A limitation of this study is that, unlike the heart, the hindlimb ischemic model does not allow for the evaluation of systolic and diastolic functions and of postischemic remodeling. However, the results presented pertain to cell-based angiogenesis, for which there exists no adequate, clinically relevant rodent model of myocardial ischemia, whereas the ischemic hindlimb constitutes an accepted model for the evaluation of angiogenic therapies in an ischemic milieu.23,24 Although possible risks associated with matrix injection into the myocardium remain to be investigated, recent studies have shown that following infarction, the use of an injectable matrix can improve ventricular geometry and function.12,25 Another limitation is the current lack of available whole tissue imaging methods for specific, late evaluation of cell fate after delivery.24
In summary, CD133+CD34+VEGFR-2+ vasculogenic progenitor cells could be generated and expanded from the CD133− cell fraction of PBMCs. This may provide a noninvasive means to obtain sufficient numbers of autologous progenitors from the peripheral blood for use clinically. On transplantation, the retention of these cells and contribution to vasculogenesis in ischemic hindlimbs was enhanced by delivery using an injectable collagen-based matrix.

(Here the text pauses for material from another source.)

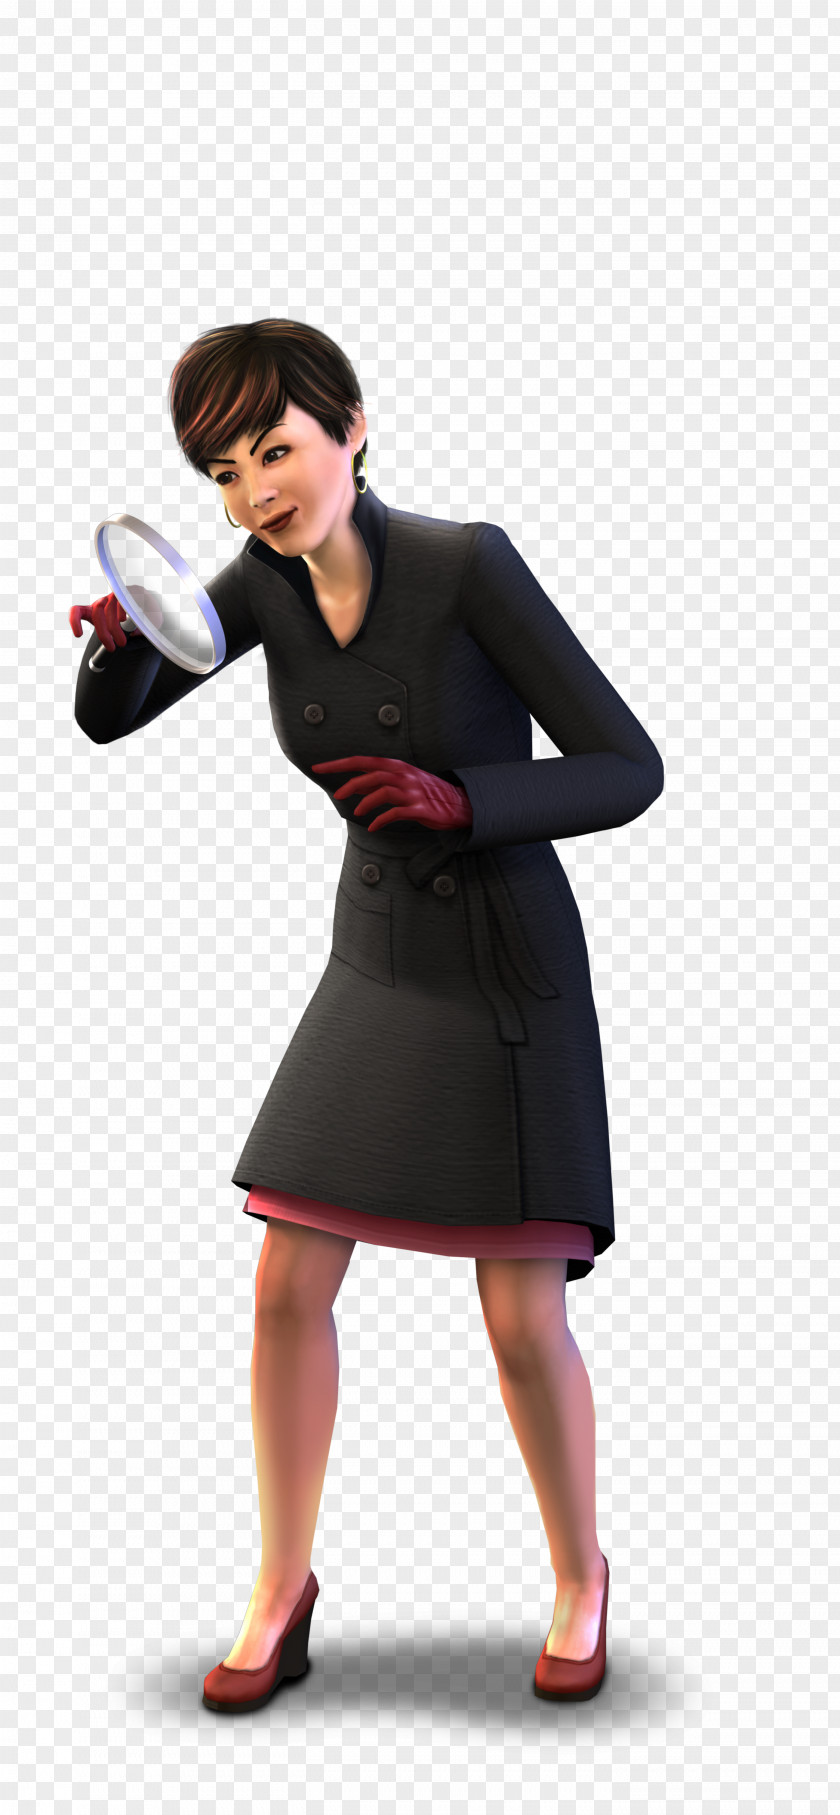 New Investigator The Sims 3: Ambitions 4 Expansion Pack Video Game PNG

Generation of vasculogenic progenitors and the use of collagen matrices for their delivery may therefore constitute a promising combined approach to overcome the obstacles of cell choice, availability, engraftment, and viability that currently compromise the efficacy of cell-based therapeutic angiogenesis strategies.
Sources of Funding
This work was supported by grant MOP-77536 from the Canadian Institutes of Health Research (to Drs Ruel and Suuronen), by award 7346 from the Canadian Foundation for Innovation (to Dr Ruel), and by a Heart and Stroke Foundation of Canada/AstraZeneca Canada Inc Fellowship (to Dr Suuronen).
Presented at the American Heart Association Scientific Sessions, Dallas, Tex, November 13–16, 2005.